Data block:
####
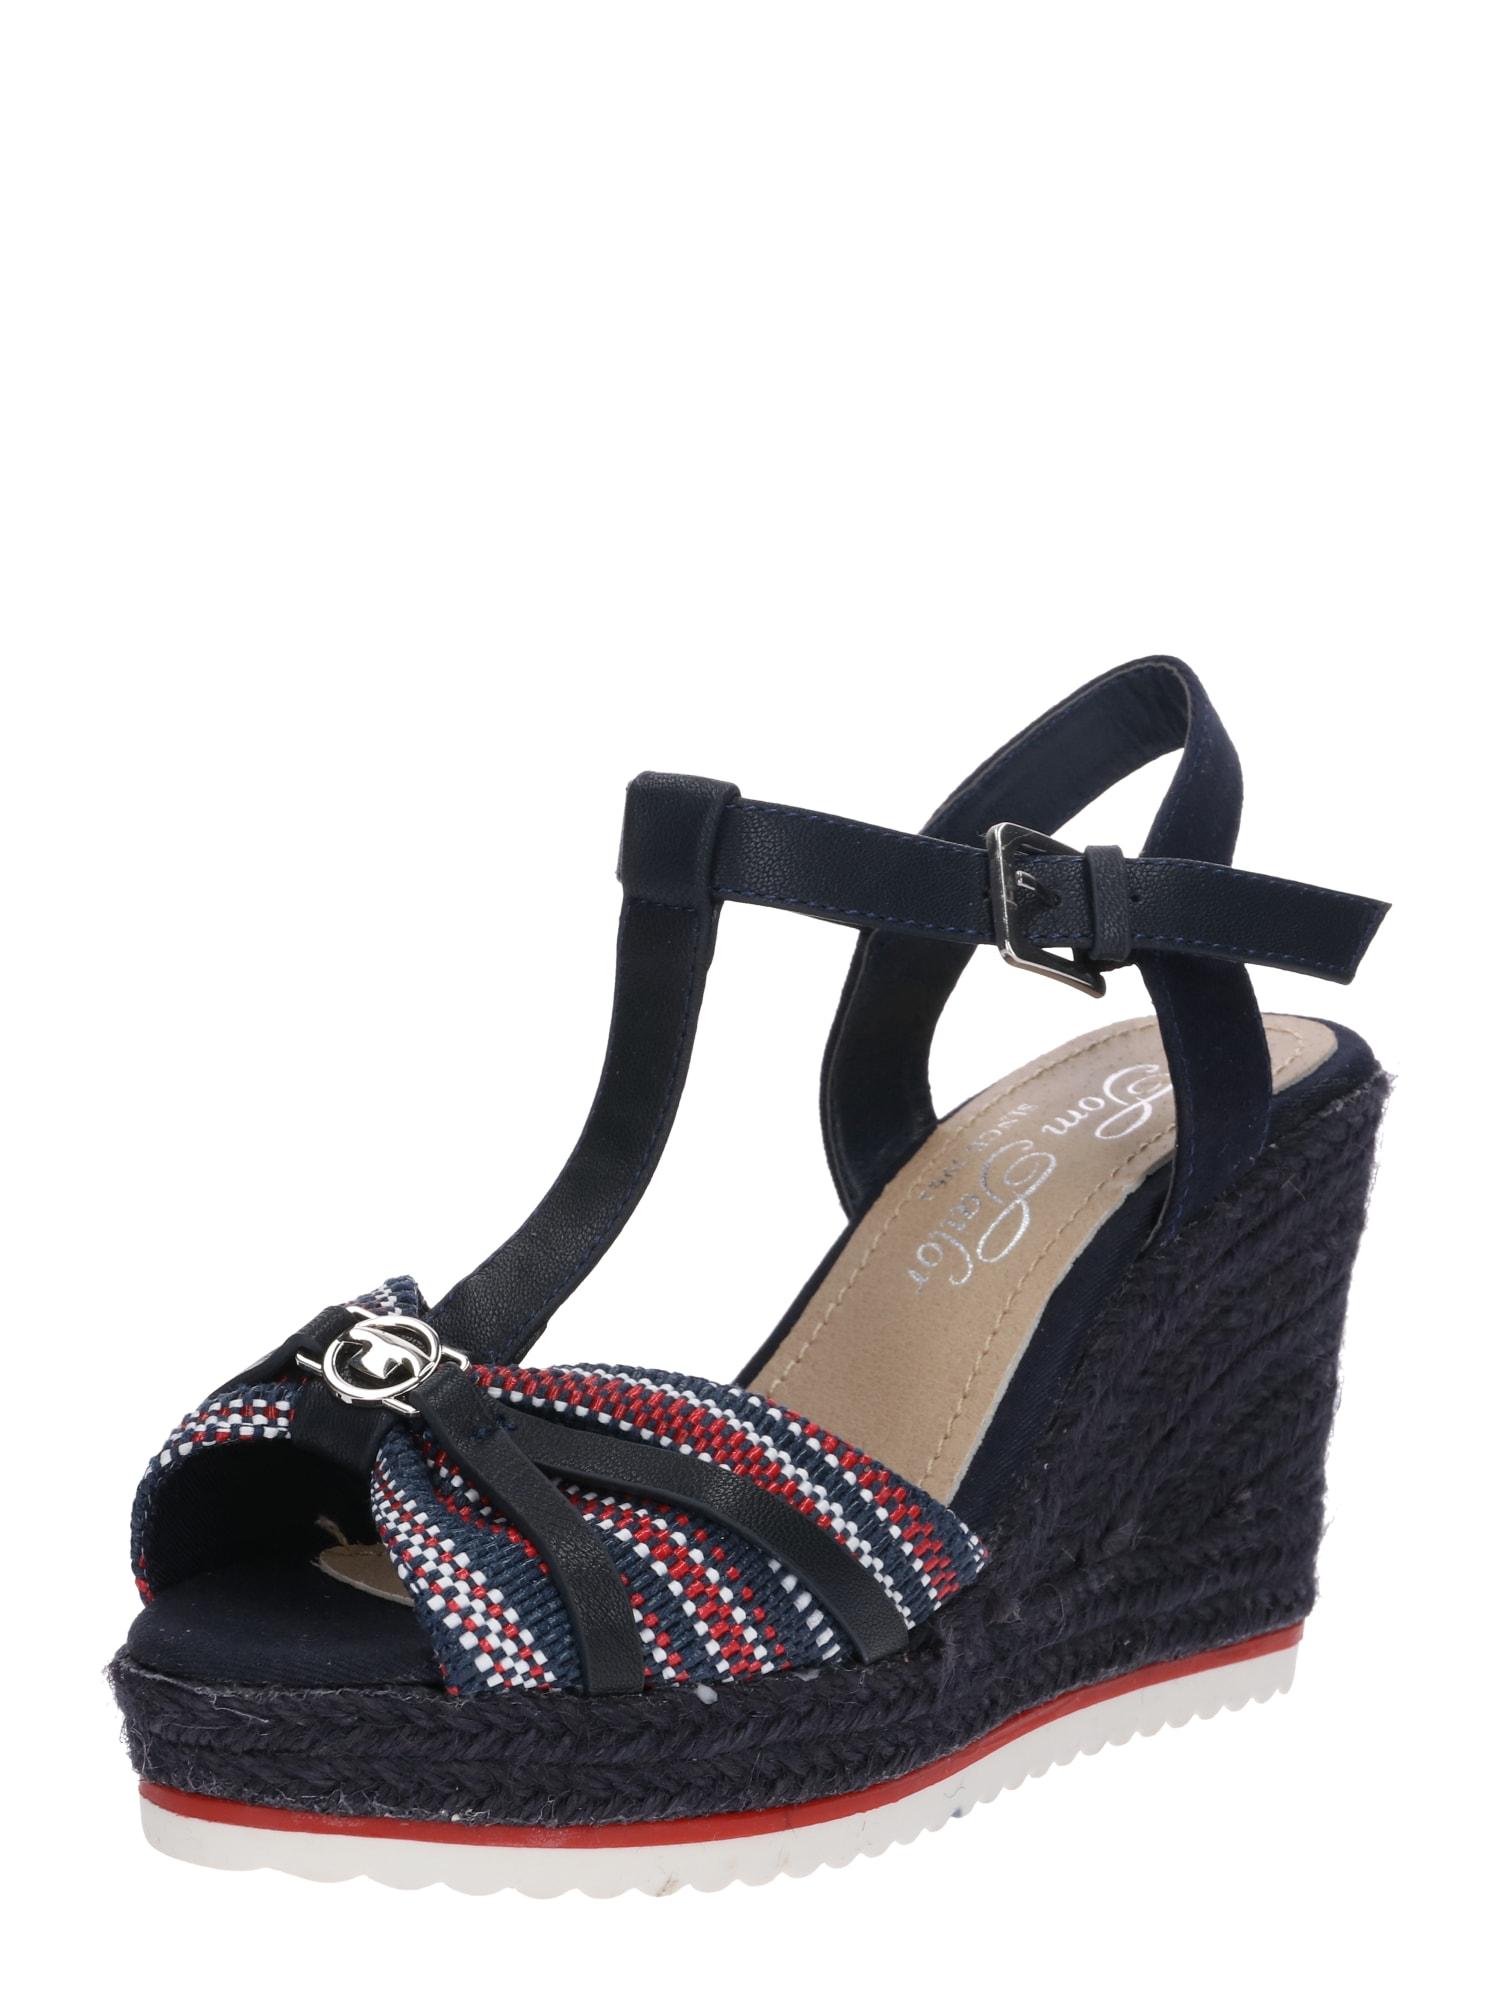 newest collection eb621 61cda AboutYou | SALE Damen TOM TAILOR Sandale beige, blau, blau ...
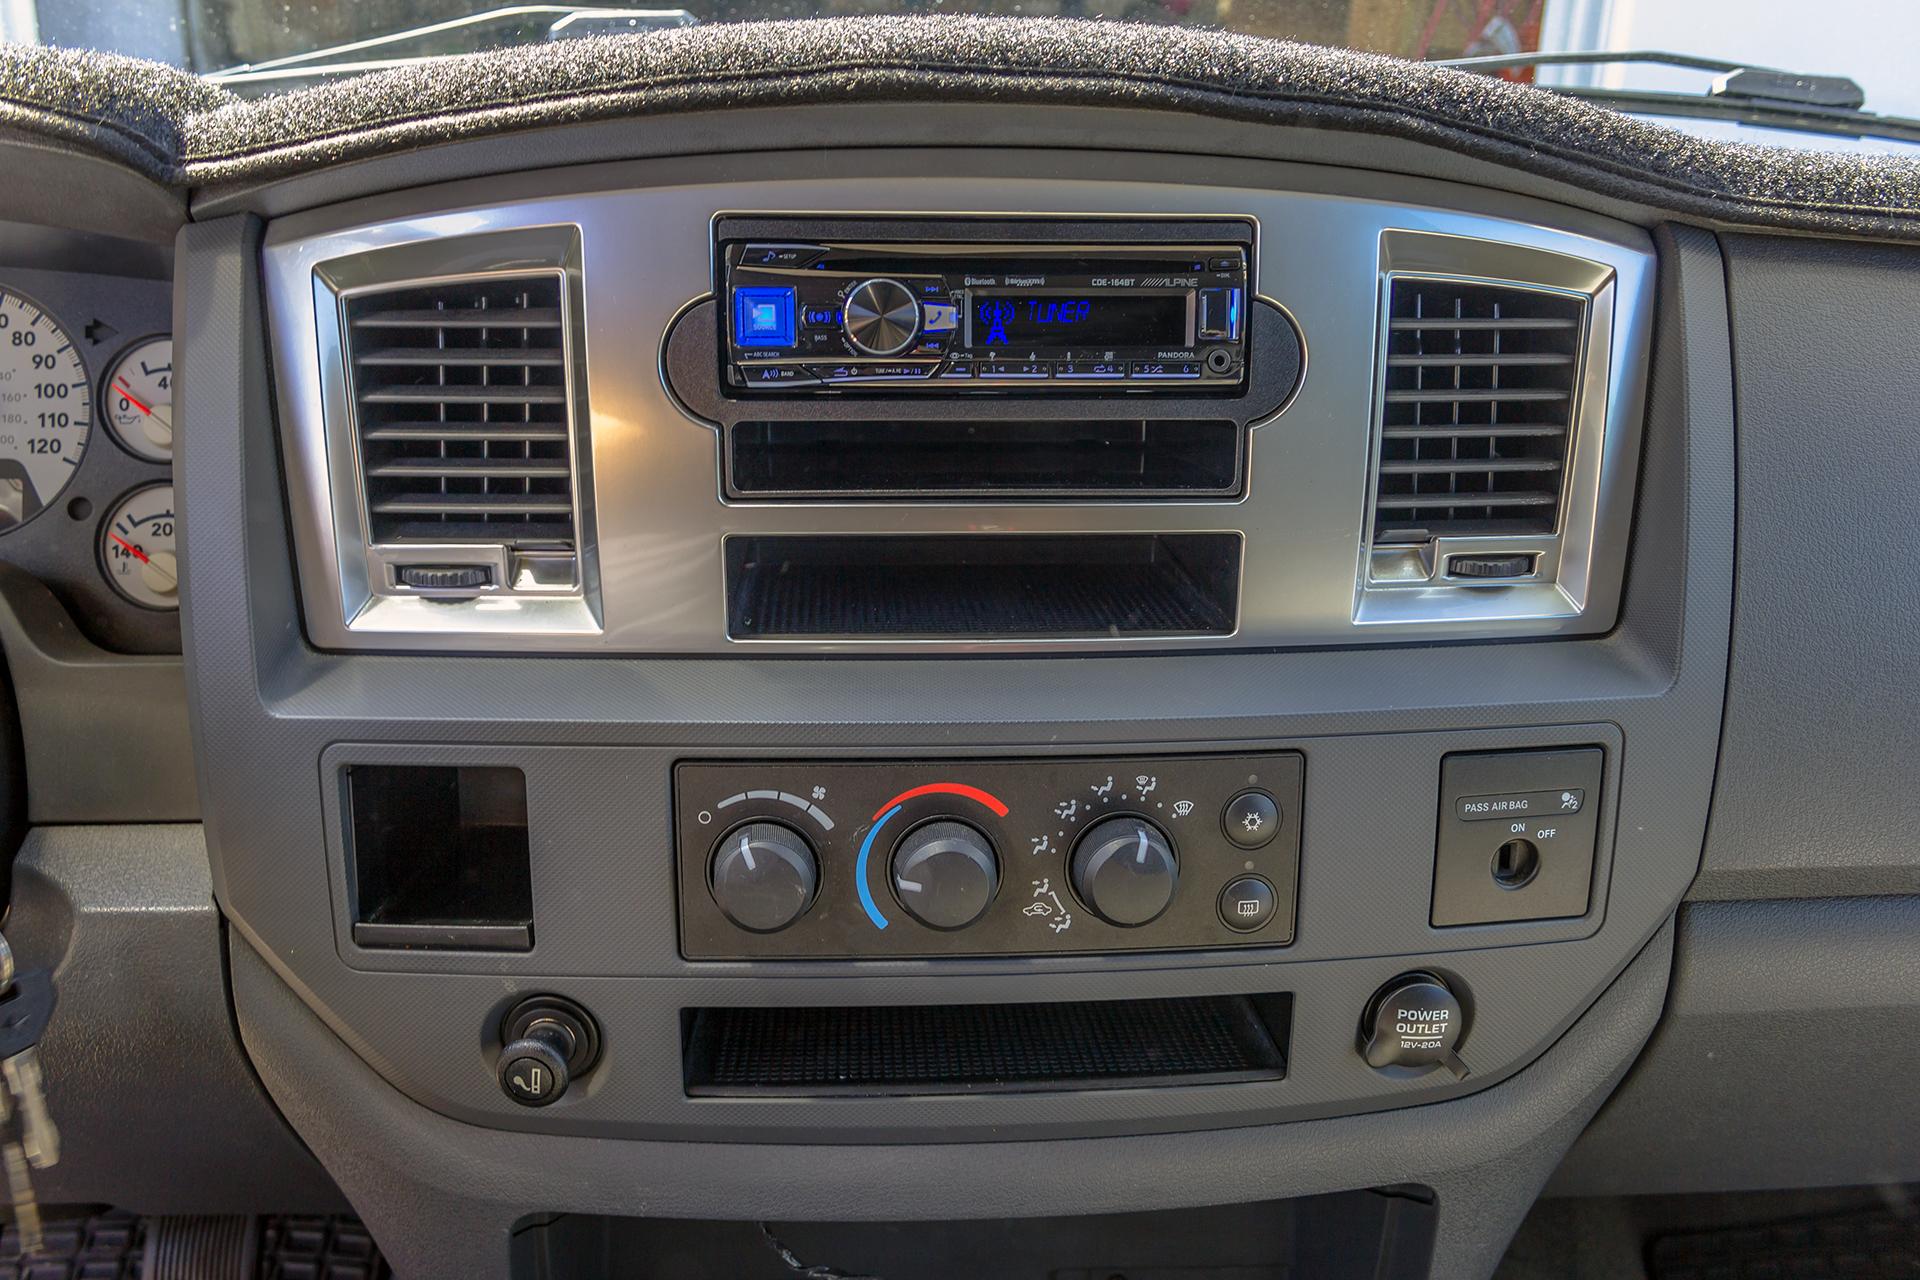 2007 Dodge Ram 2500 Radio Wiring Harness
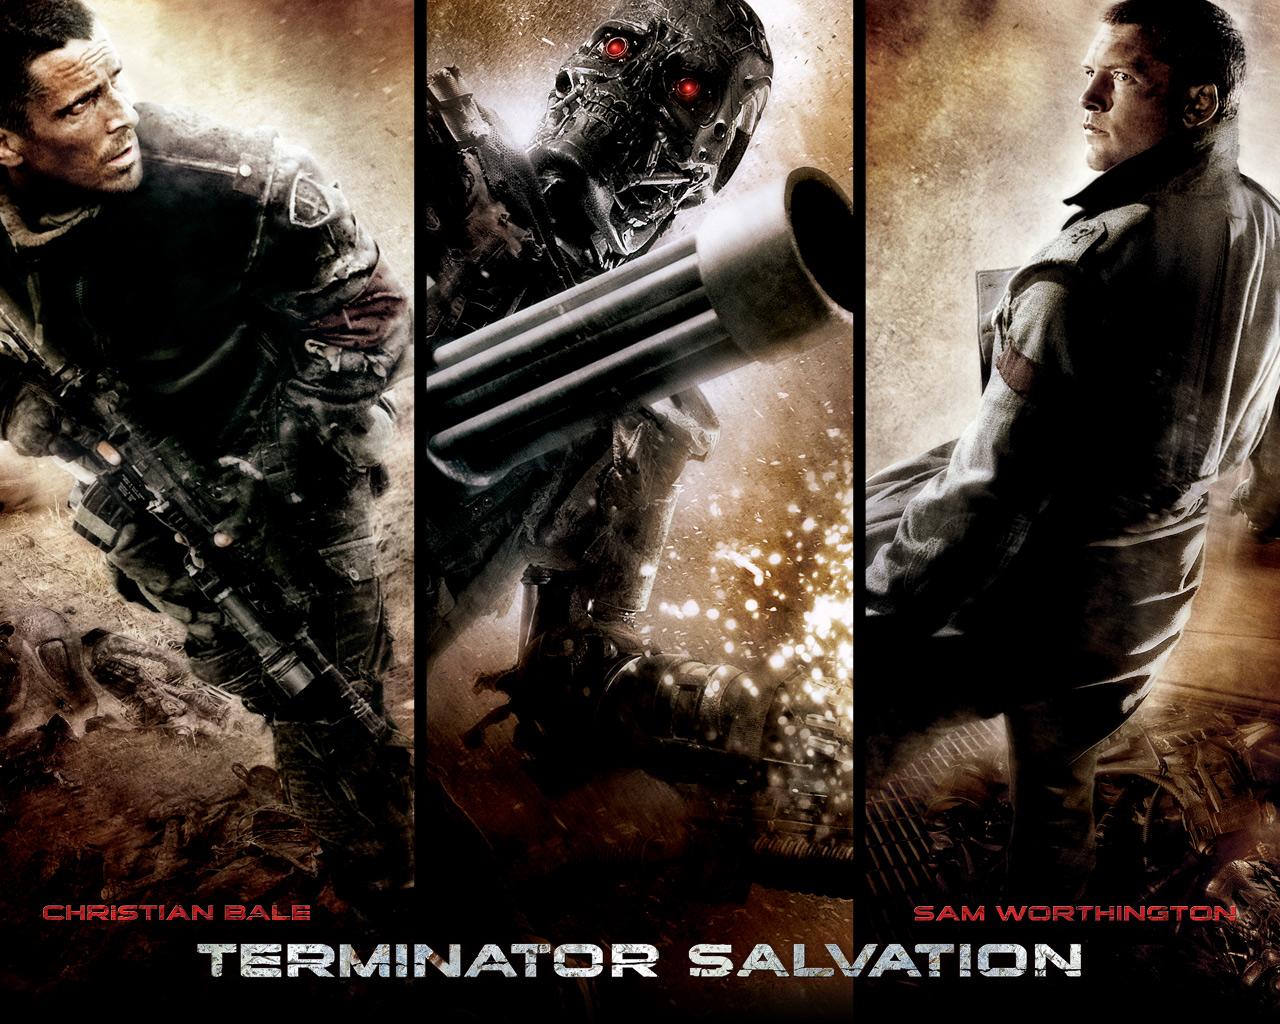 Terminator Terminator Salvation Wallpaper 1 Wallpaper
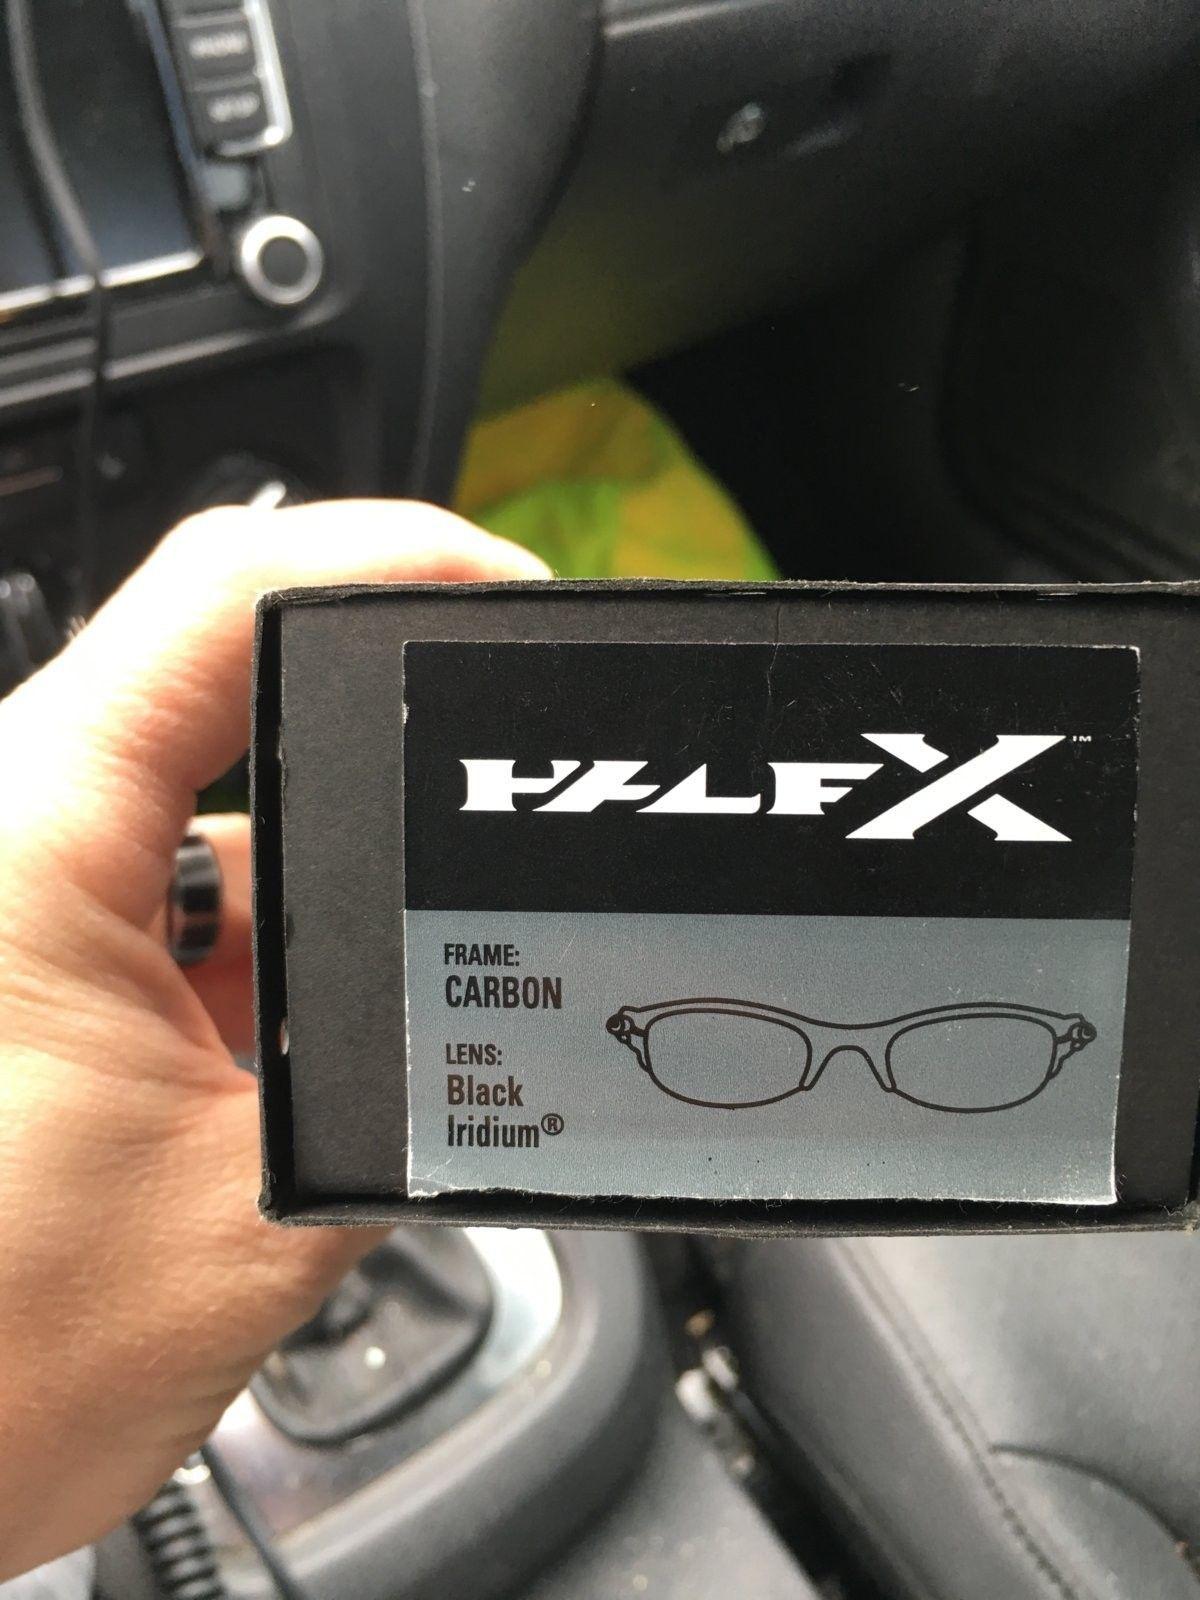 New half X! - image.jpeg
####
Task brief: Starting from the line that contains "Terminator Terminator Salvation", transcribe exactly each line down to the final line of the material above, excluding every picture and adding nothing else.

Solution to this problem:
 Terminator Terminator Salvation Wallpaper 1 Wallpaper
 New half X! - image.jpeg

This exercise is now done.